Attraverso il matrimonio civile i futuri coniugi, oltre a suggellare la propria unione, potranno far sì che lo Stato italiano riconosca loro una serie di diritti che sono concessi unicamente a coloro che decidono di sposarsi in Comune. Si tratta di diritti pratici come il diritto a succedere, il diritto al mantenimento, il diritto di poter assistere il proprio familiare all’interno delle strutture sanitarie senza incorrere in alcun problema di carattere burocratico.

Al contrario del matrimonio religioso, il matrimonio civile è disciplinato esclusivamente dalle leggi del nostro Stato, che ne regola il procedimento, i tempi ed elenca diritti e doveri dei coniugi.

Iter e documenti da presentare

Per poter dare il via al procedimento burocratico, occorre presentarsi presso l‘Ufficio Matrimonio di stato civile del Comune. Per procedere alle pubblicazioni delle nozze è sufficiente che si presenti davanti all’ufficiale di stato civile anche solo uno dei partner, purché questo disponga di una delega scritta che lo autorizzi ad agire anche in nome dell’altra persona e abbia copia del documento. Le pubblicazioni possono essere richieste anche da una terza persona, purché questa abbia delega firmata da entrambi gli interessati e loro copia dei documenti.

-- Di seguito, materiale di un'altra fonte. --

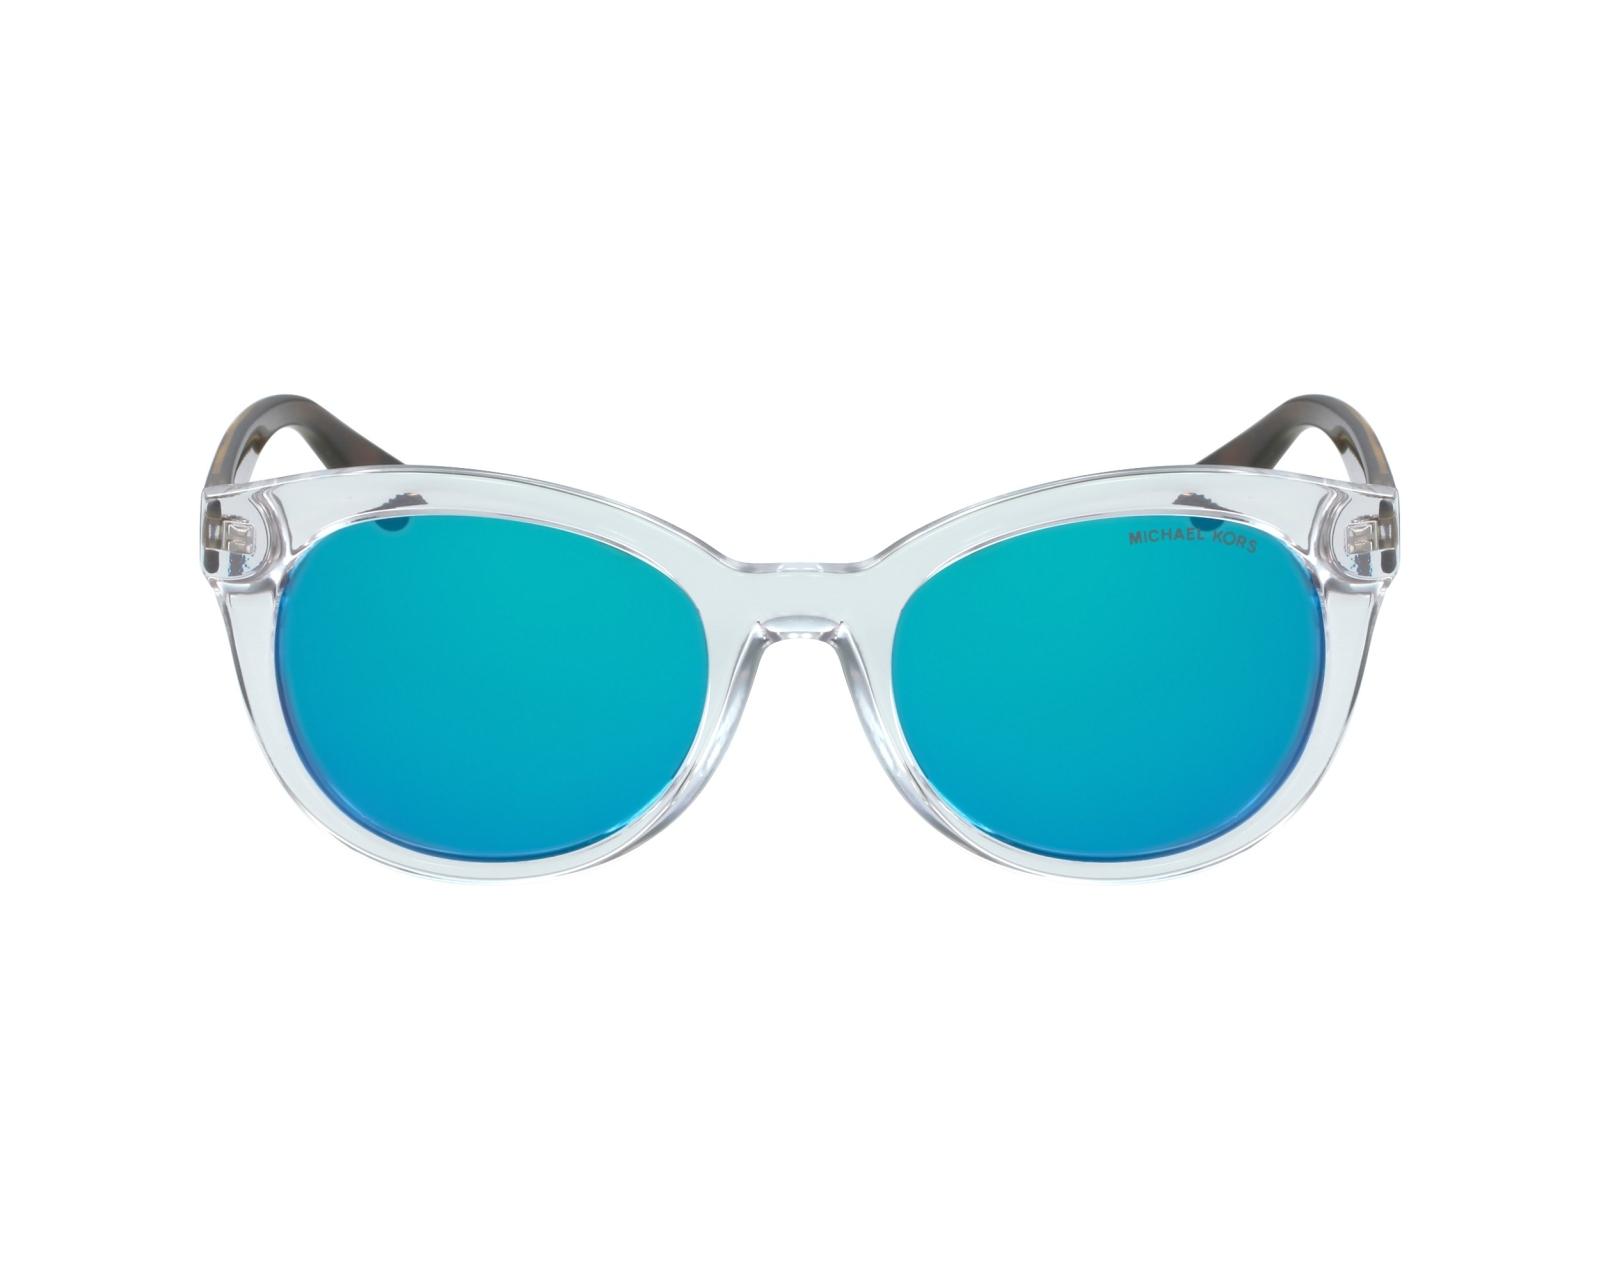 23c1338d8c5bf Sunglasses Michael Kors MK-6019 305025 - Crystal Havana profile view
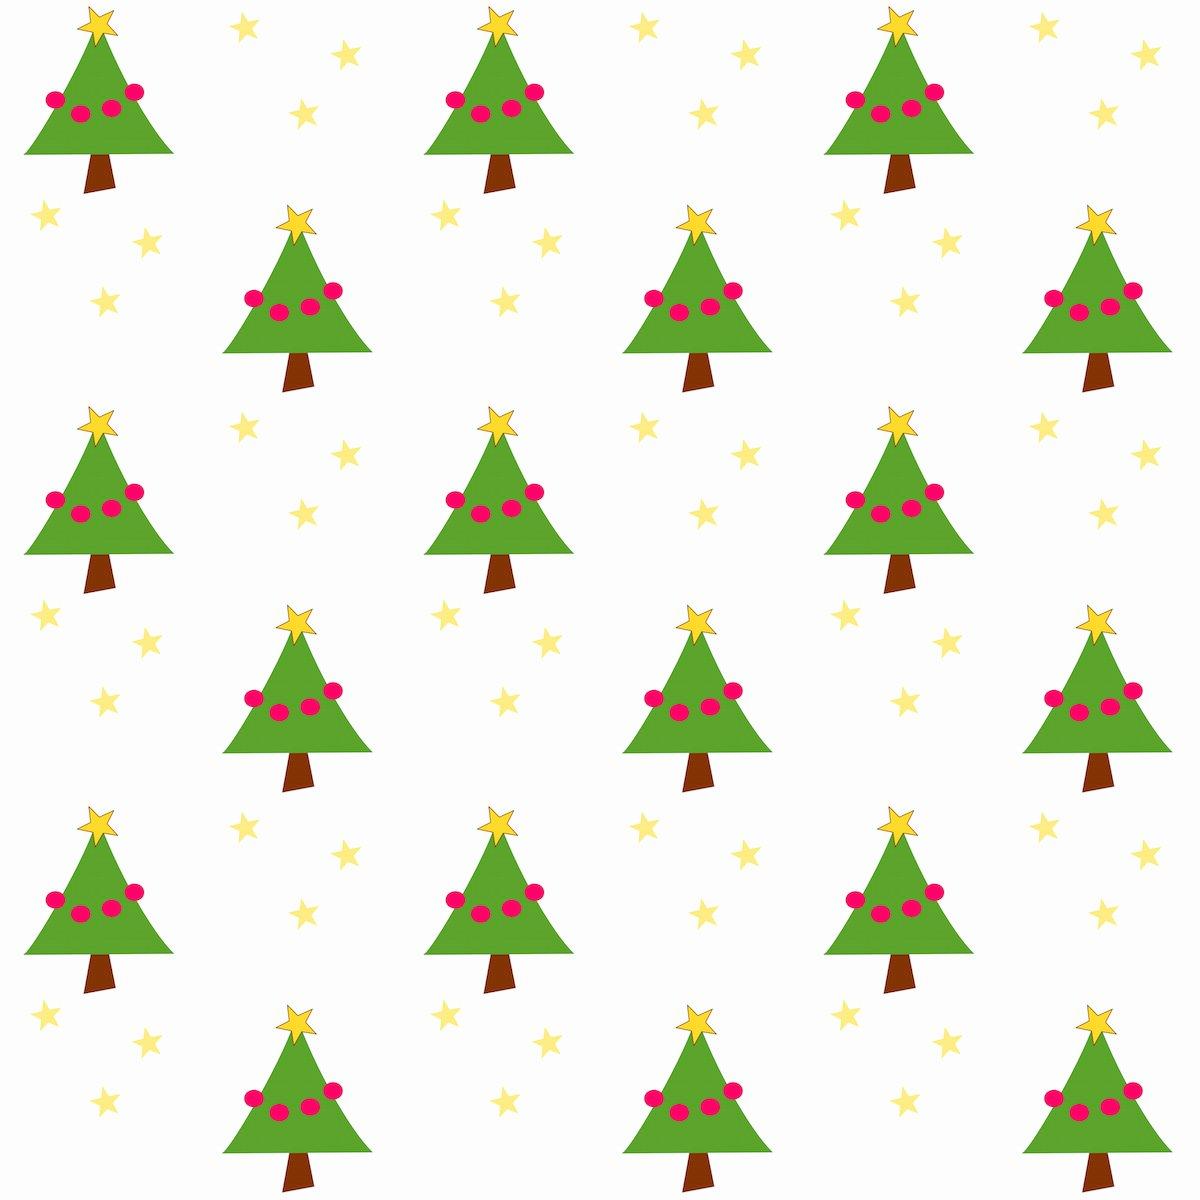 Free Printable Christmas Paper Best Of Free Digital Christmas Scrapbooking Paper Ausdruckbares

L’ufficiale di stato civile verifica l’identità dei futuri coniugi, accerta che il matrimonio sia possibile (ad esempio controllando che nessuno dei due risulti ancora regolarmente sposato) e procede infine con le pubblicazioni, che saranno esposte alla Porta della Casa Comunale, nei Comuni di residenza di entrambi gli interessati. Al termine dell’esposizione, se nessuno segnala eventuali cause di impedimento del matrimonio, viene rilasciato il nullaosta alle nozze, che possono così celebrarsi.

Tempi

Le pubblicazioni restano esposte per otto giorni. Al termine di questo periodo l’ufficiale di stato civile attende ancora tre giorni e se nessuna opposizione alle nozze viene presentata, rilascia il nullaosta per la celebrazione delle stesse. Il matrimonio civile deve avvenire entro il termine di centottanta giorni dalla scadenza delle pubblicazioni, altrimenti tutti i documenti prodotti perderanno di validità. Volendo tracciare un bilancio complessivo dei tempi richiesti per un rito civile, questi si aggirano intorno ai venticinque giorni (compresi di iter per le pubblicazioni e tempi di affissione delle pubblicazioni stesse).

Costi

I costi per il matrimonio civile sono piuttosto contenuti e riguardano soprattutto il pagamento di alcuni oneri burocratici. Se i futuri coniugi sono entrambi residenti nello stesso Comune occorre una sola marca da bollo di 14,62 euro; qualora uno dei due risieda in altro Comune, le marche da bollo da 14,62 euro da acquistare sono due. Se si richiede la celebrazione del matrimonio in altro Comune, occorre sempre una marca da bollo da 14,62 euro.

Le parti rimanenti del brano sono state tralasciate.